The safety and efficacy of Remsima have not been studied in children with ulcerative colitis below the age of 6 years. Currently available pharmacokinetic data are described in Pharmacology: Pharmacokinetics under Actions but no recommendation on a posology can be made in children younger than 6 years.
Psoriasis: The safety and efficacy of Remsima in children and adolescents younger than 18 years in the indication psoriasis have not been established. Currently available data are described in Pharmacology: Pharmacokinetics under Actions but no recommendation on a posology can be made.
Juvenile idiopathic arthritis, psoriatic arthritis and ankylosing spondylitis: The safety and efficacy of Remsima in children and adolescents younger than 18 years in the indications juvenile idiopathic arthritis, psoriatic arthritis and ankylosing spondylitis have not been established. Currently available data are described in Pharmacology: Pharmacokinetics under Actions but no recommendation on a posology can be made.

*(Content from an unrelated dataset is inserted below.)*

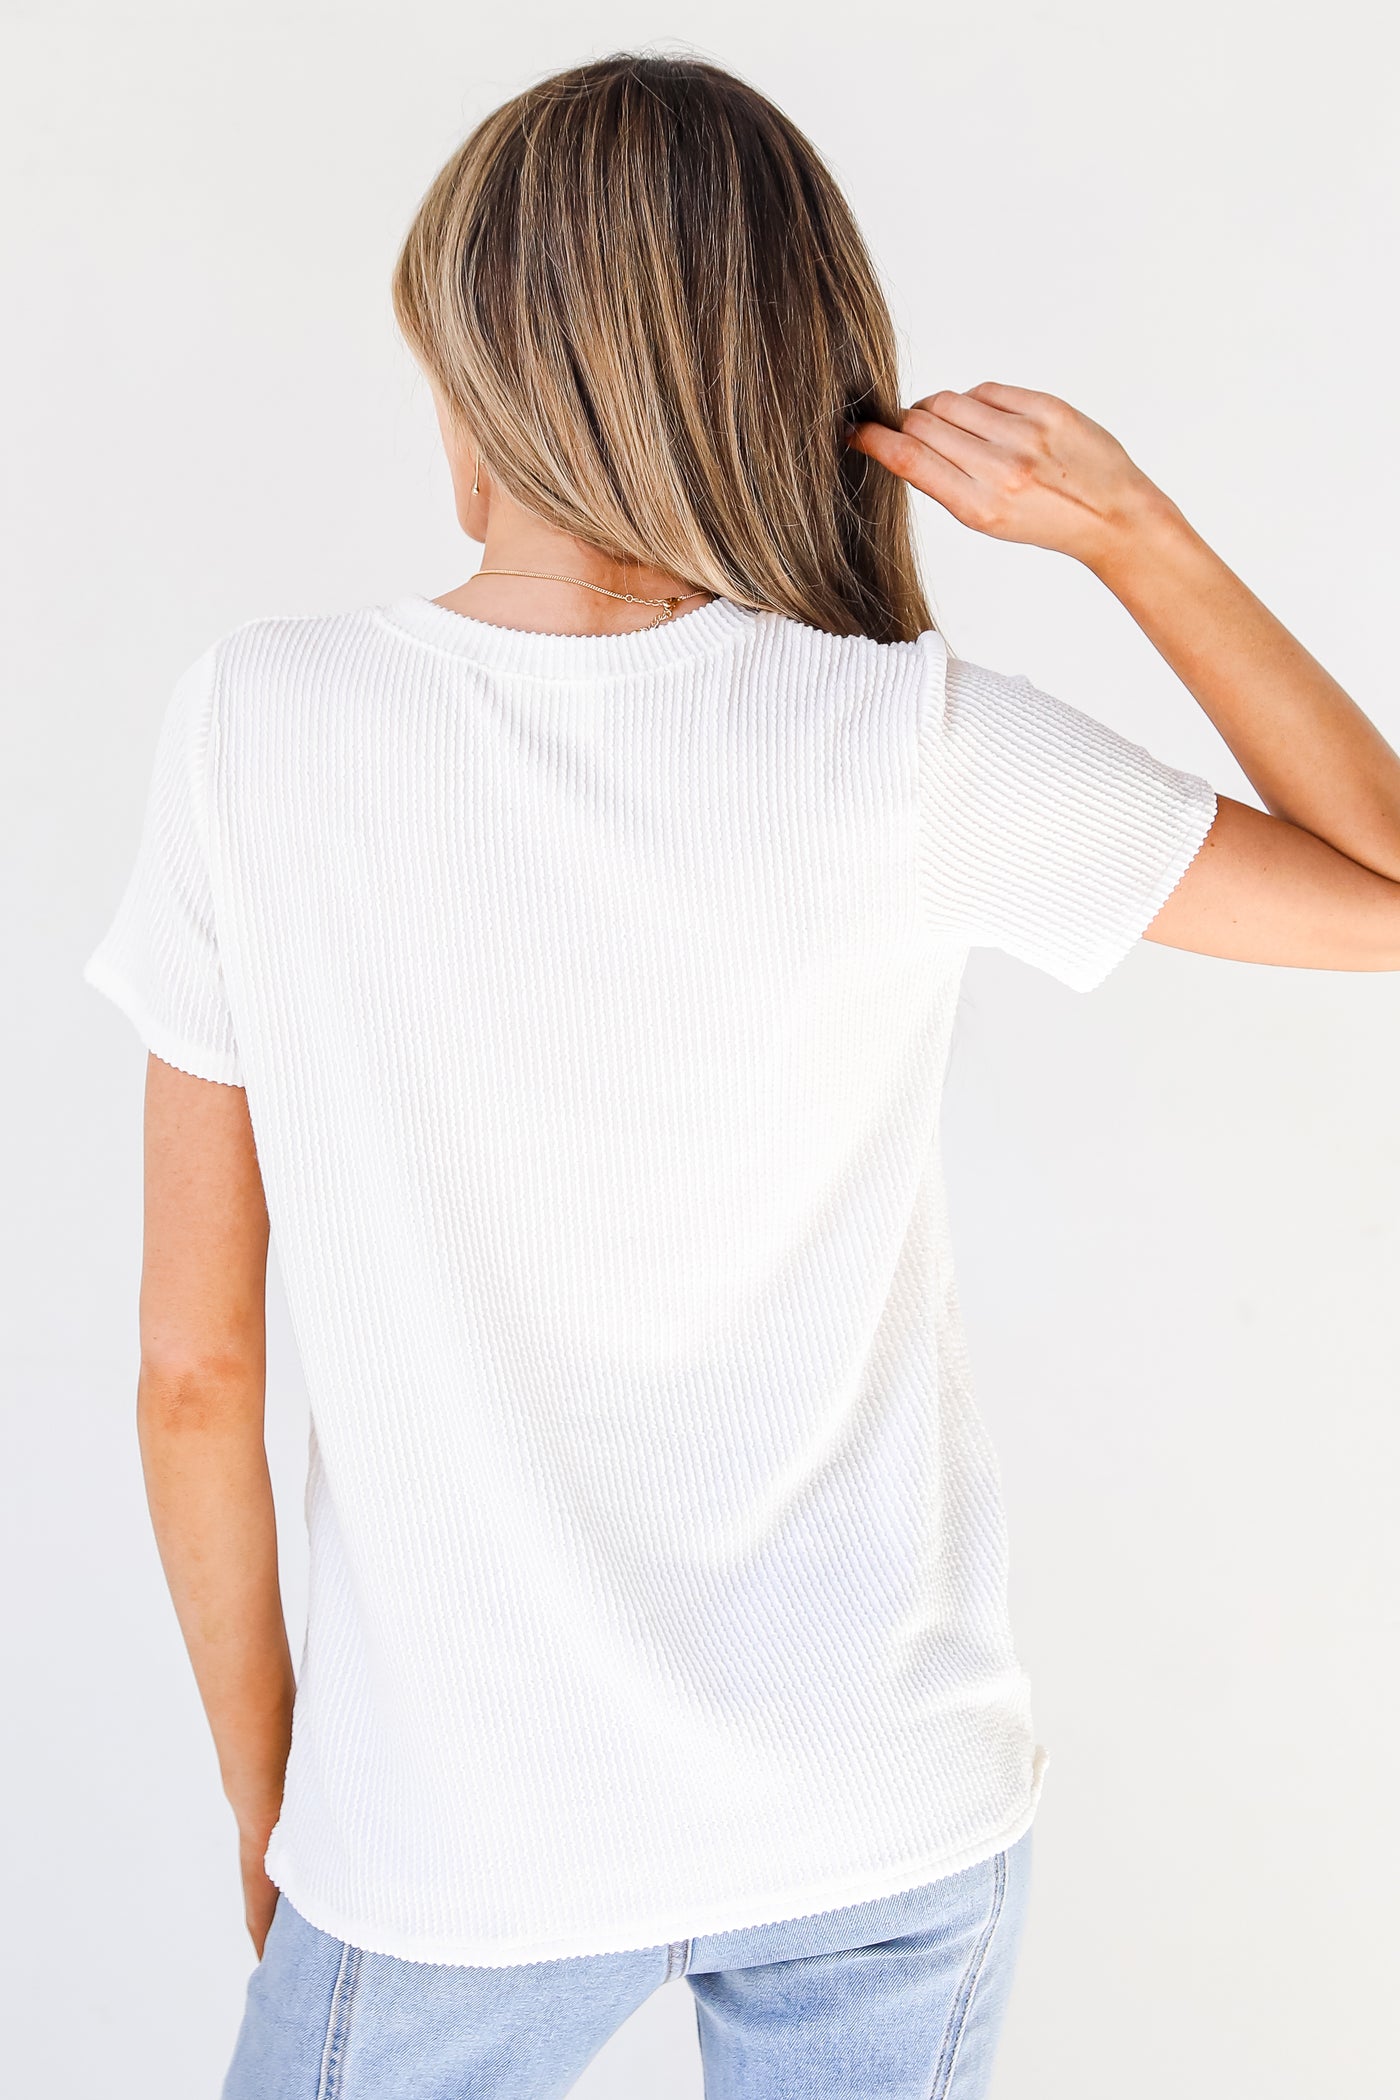 white Corded Tee back view

Juvenile rheumatoid arthritis: The safety and efficacy of Remsima in children and adolescents younger than 18 years in the indication juvenile rheumatoid arthritis have not been established. Currently available data are described in Adverse Reactions and Pharmacology: Pharmacokinetics under Actions but no recommendation on a posology can be made.
Impaired renal and/or hepatic function: Remsima has not been studied in these patient populations. No dose recommendations can be made (see Pharmacology: Pharmacokinetics under Actions).
Method of administration: Remsima should be administered intravenously over a 2 hour period. All patients administered Remsima are to be observed for at least 1-2 hours post-infusion for acute infusion-related reactions. Emergency equipment, such as adrenaline, antihistamines, corticosteroids and an artificial airway must be available. Patients may be pre-treated with e.g., an antihistamine, hydrocortisone and/or paracetamol and infusion rate may be slowed in order to decrease the risk of infusion-related reactions especially if infusion-related reactions have occurred previously (see Precautions).
Shortened infusions across adult indications: In carefully selected adult patients who have tolerated at least 3 initial 2-hour infusions of Remsima (induction phase) and are receiving maintenance therapy, consideration may be given to administering subsequent infusions over a period of not less than 1 hour. If an infusion reaction occurs in association with a shortened infusion, a slower infusion rate may be considered for future infusions if treatment is to be continued. Shortened infusions at doses >6 mg/kg have not been studied (see Adverse Reactions).
For preparation and administration instructions, see Cautions for Usage.